Home : Data Mining Course : Assignments : Assignment 1 with answers

Assignment 1: Using the WEKA Workbench

A. Become familiar with the use of the WEKA workbench to invoke several different machine learning schemes.
Use latest stable version. Use both the graphical interface (Explorer) (here is a guide (pdf)) and command line interface (CLI).

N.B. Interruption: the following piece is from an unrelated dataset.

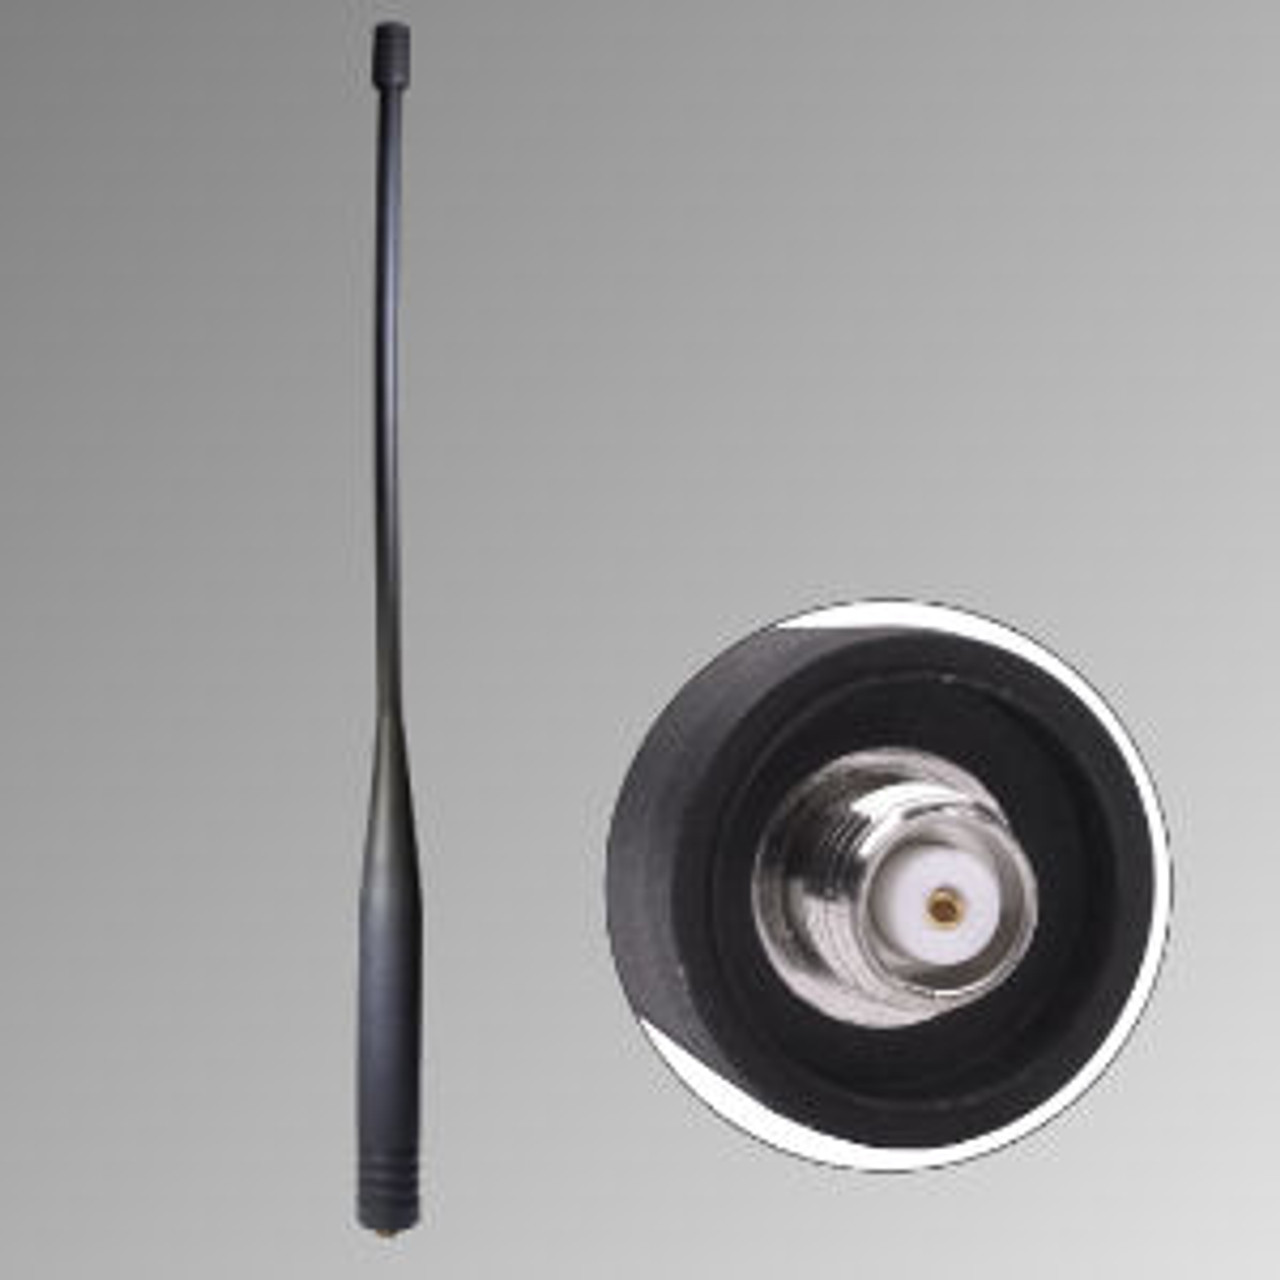 Motorola APX900 Extended Range Antenna - 11", VHF, 150-174 MHz

B. Use the following learning schemes, with the default settings to analyze the weather data (in weather.arff). For test options, first choose "Use training set", then choose "Percentage Split" using default 66% percentage split. Report model percent error rate.

Answer:

ZeroR Model: Yes Evaluate using training set: 5/14 = 35% errors Evaluate using split: 2/5 = 40% errors OneR Model: sunny -> no overcast -> yes rainy -> yes Evaluate using training set, error rate: 4/14 =29% Evaluate using split, error rate: 3/5 = 60% NaiveBayes (simple) Model: (omitted to save space) Evaluate using training set, error rate: 1/14 =7% Evaluate using split, error rate: 2/5 = 40% J48 pruned tree Model: outlook = sunny | humidity <= 75: yes (2.0) | humidity > 75: no (3.0) outlook = overcast: yes (4.0) outlook = rainy | windy = TRUE: no (2.0) | windy = FALSE: yes (3.0) Evaluate using training set, error rate: 0/14 =0% Evaluate using split, error rate: 3/5 = 60%

C. Which of these classifiers are you more likely to trust when determining whether to play? Why?

Answer:

The one with the lower error on the separate test set, which is NaiveBayes.

D. What can you say about accuracy when using training set data and when using a separate percentage to train?

Answer:

When using only training data, the classifier that can build a more complex model, like J4.8 decision tree, can fit the data. Accuracy on the train set is not a good predictor of the accuracy on the separate test set.